(SOURCE DATA)

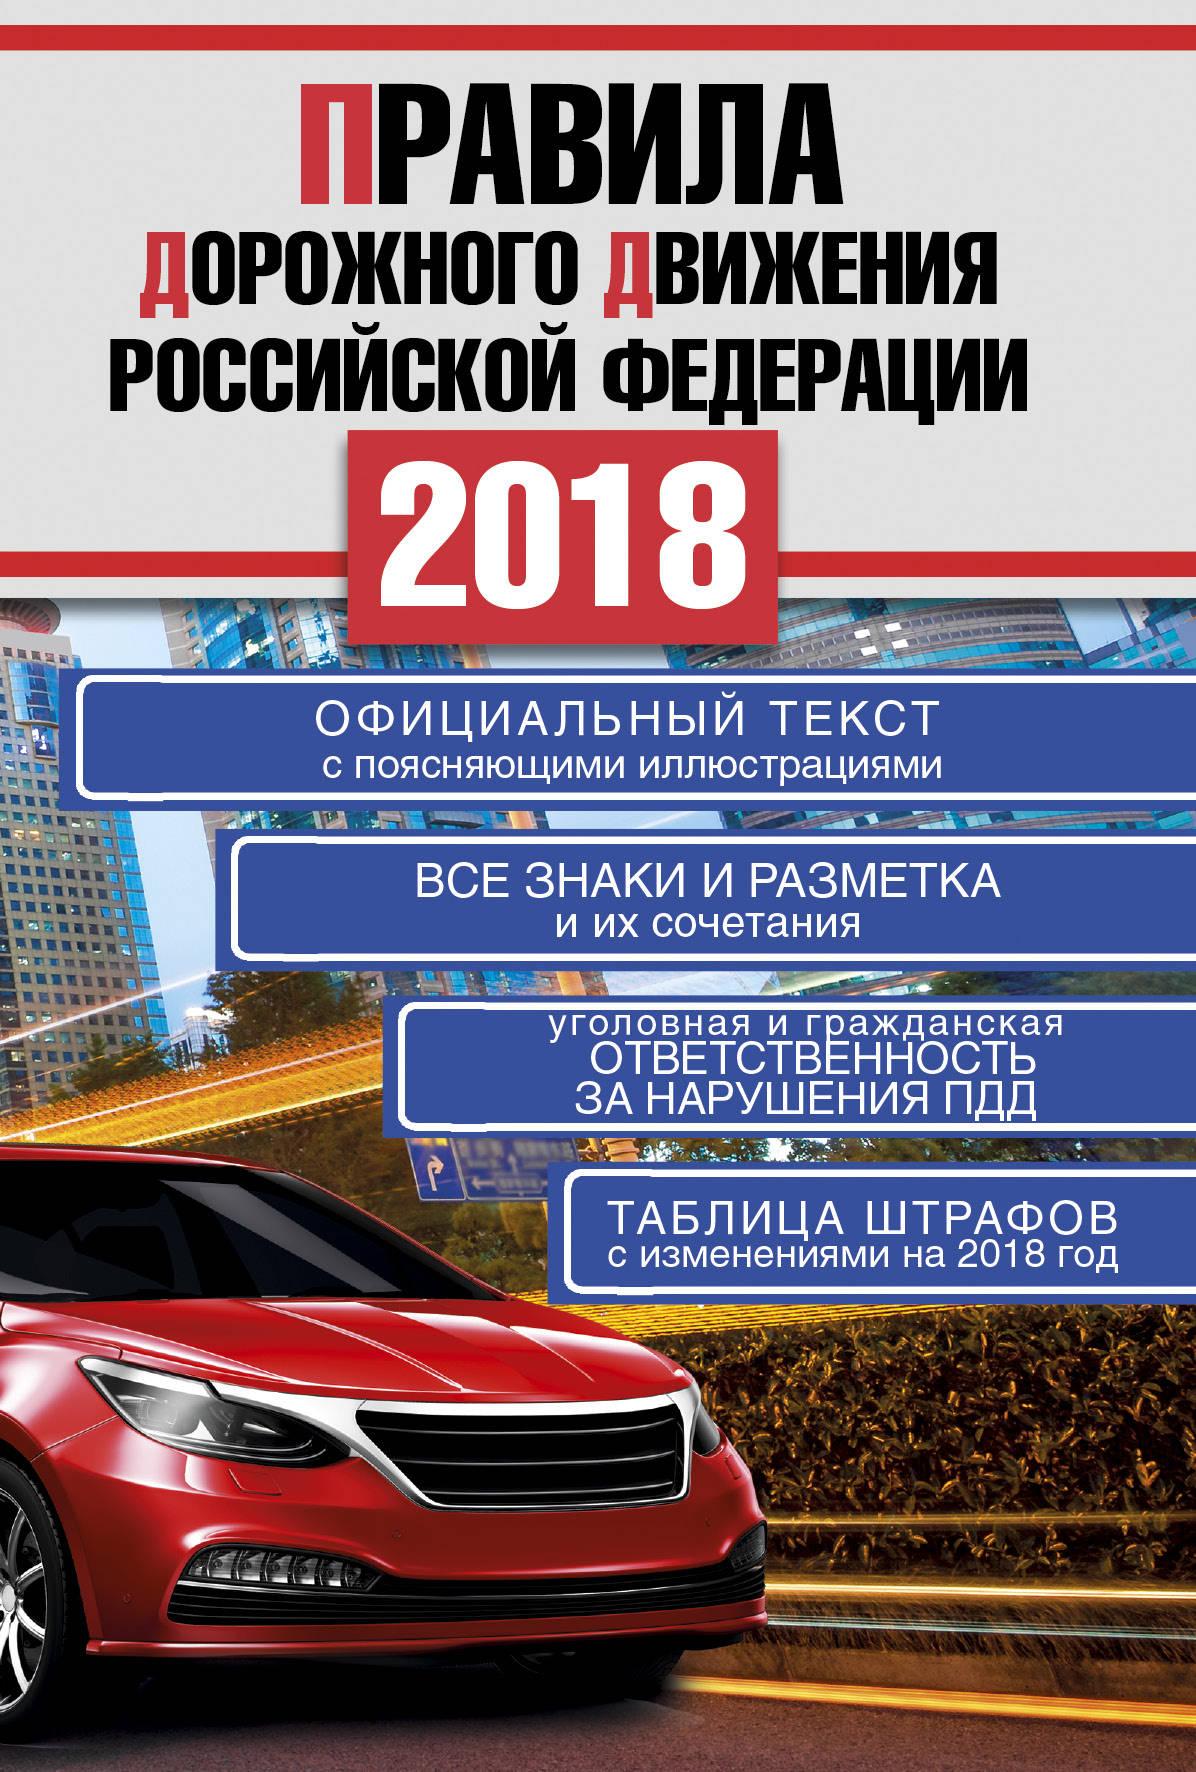 Правила дорожного движения Российской Федерации на 2018 год какую машину начинающему водителю недорого
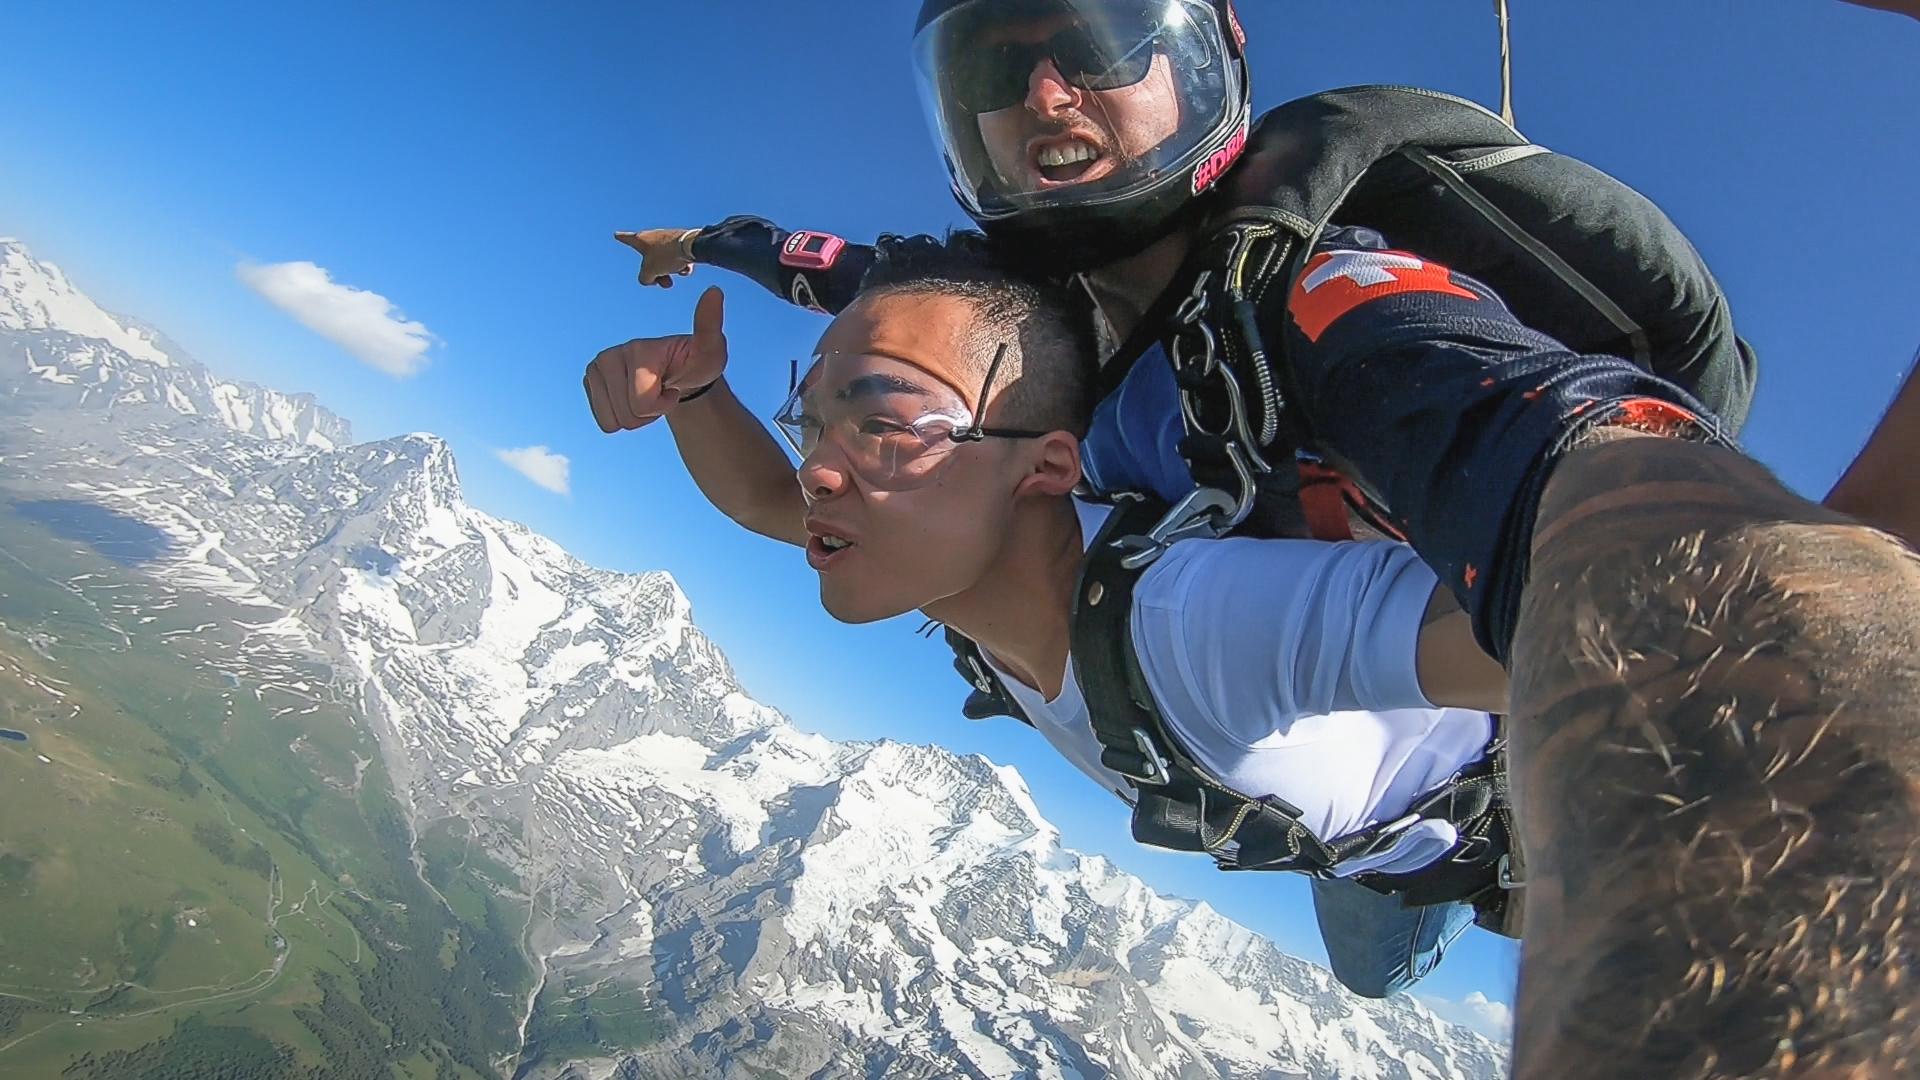 5 أنشطة سياحية يمكن القيام بها في سكاي ديف في انترلاكن سويسرا
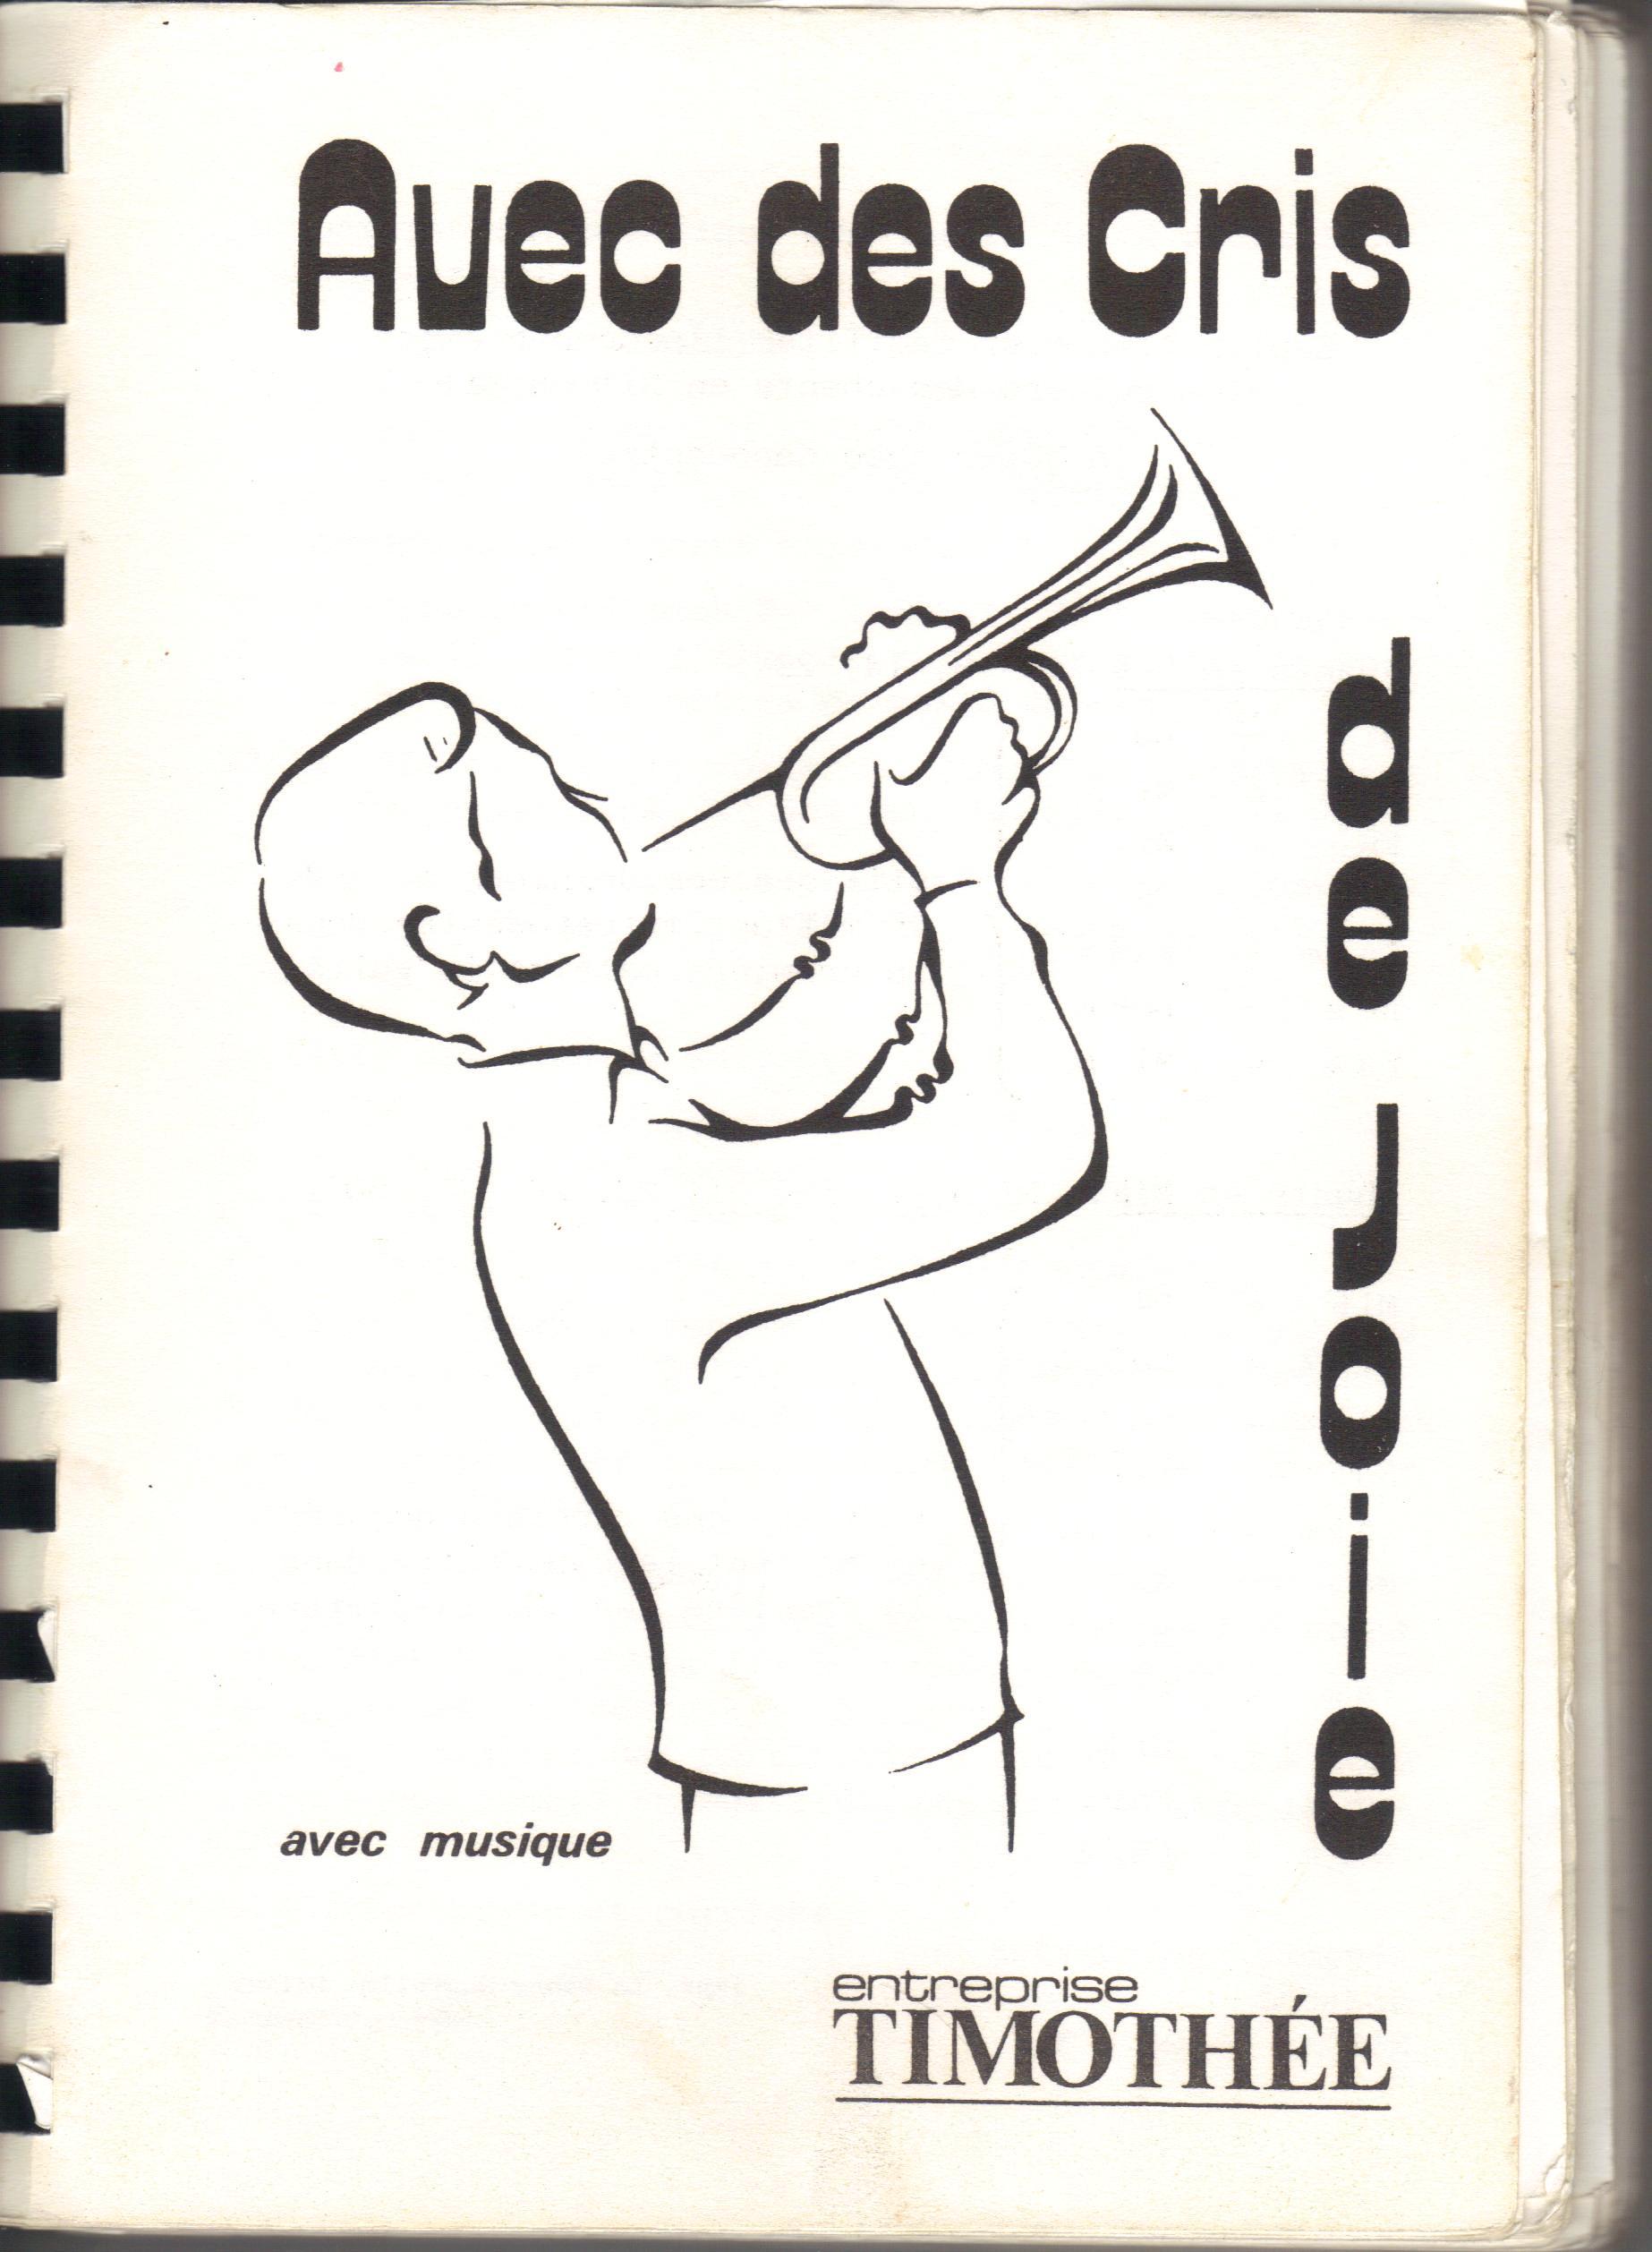 recueil Avec des cris de joie - page de garde 1983 - 4e édition 001

(End SOURCE DATA)

### WHAT NEEDS TO BE DONE
Top to bottom, retype the listing exactly but drop every picture.

### RESULT OF THIS EXERCISE
 Правила дорожного движения Российской Федерации на 2018 год какую машину начинающему водителю недорого
 5 أنشطة سياحية يمكن القيام بها في سكاي ديف في انترلاكن سويسرا
 recueil Avec des cris de joie - page de garde 1983 - 4e édition 001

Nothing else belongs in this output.